The weather in December can be a lively mix of gales, rain, fog, and frost!

Low temperatures at the start of the month rarely last, but if they arrive just after Christmas that can signal a cold winter ahead. The solstice falls on 21st December and the days will gradually and imperceptibly get lighter!

Work in the garden is more difficult at this time of year as daylight hours are short and weather conditions become more challenging. There are still tasks to be done such as pruning fruit trees, clearing weeds and last season’s plants, plus sweeping up leaves. Be careful not to compact the ground whilst working as this damages the soil structure.

There is time to find Christmas gifts for the gardener. Packets of vegetable seeds are usually appreciated, for example some of the more exotic squash and pumpkin varieties (available at www.organiccatalogue.com) Or find an unusual plant such as Azara microphylla (Boxleaf Azara) which has clusters of fluffy yellow flowers with a hint of vanilla perfume. A pair of good quality secateurs (such as Felco) would be a welcome gift.
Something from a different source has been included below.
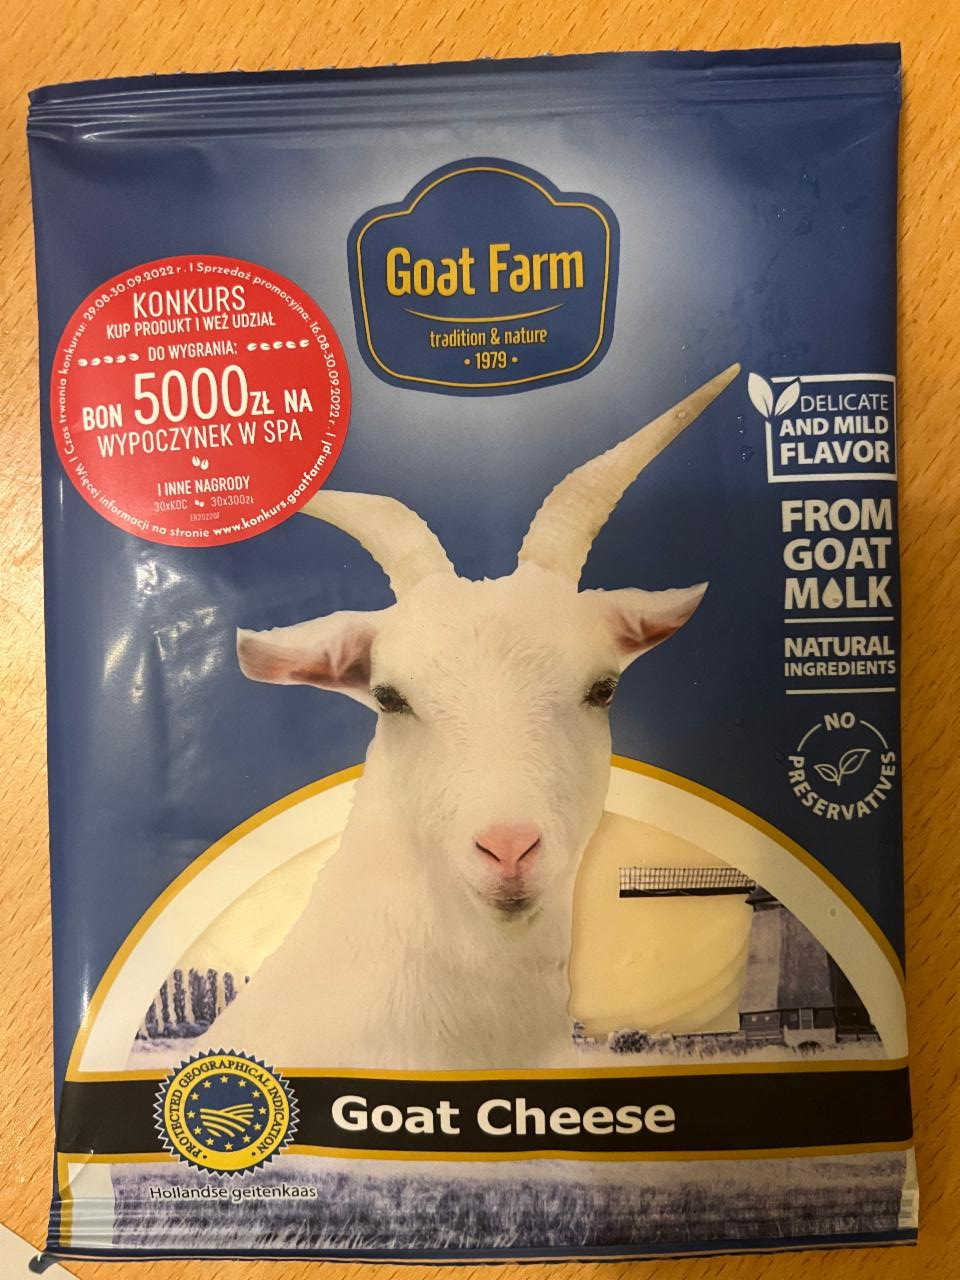 Zdjęcia - Goat Farm Ser kozi 200 g

There are always gardening books available, two I found recently – the RSPB Gardening for Wildlife: A Complete Guide to Nature Friendly Gardening (currently £16.58 at Amazon) or The Container Expert by Dr DG Hessayon; a basic but interesting guide to growing plants in pots.

There are many shrubs which provide winter interest – Viburnum produces clusters of perfumed flowers followed by berries.  Edgeworthia chrysantha is an unusual winter flowering shrub – with nut brown branches and bundles of fragrant, tubular yellow flowers. Christmas box is a seasonal favourite which thrives in most conditions; it has neat tapering shiny leaves, sweetly-fragranced flowers from late November, plus eye-catching shiny blue-black berries.

Celebrate the festive season by decorating your home with fresh herbs such as sprigs of Rosemary, Myrtle and Sage (if growing in the garden). If you have Holly, Ivy or Fir trees cut some foliage to bring inside, place in containers with water (as for cut flowers). Or they can be used to decorate door frames and woven around stair banisters. Without water the foliage will dry out quickly and any berries drop (not to be eaten, keep away from children and pets).

Season’s Greetings and Happy Gardening in 2017.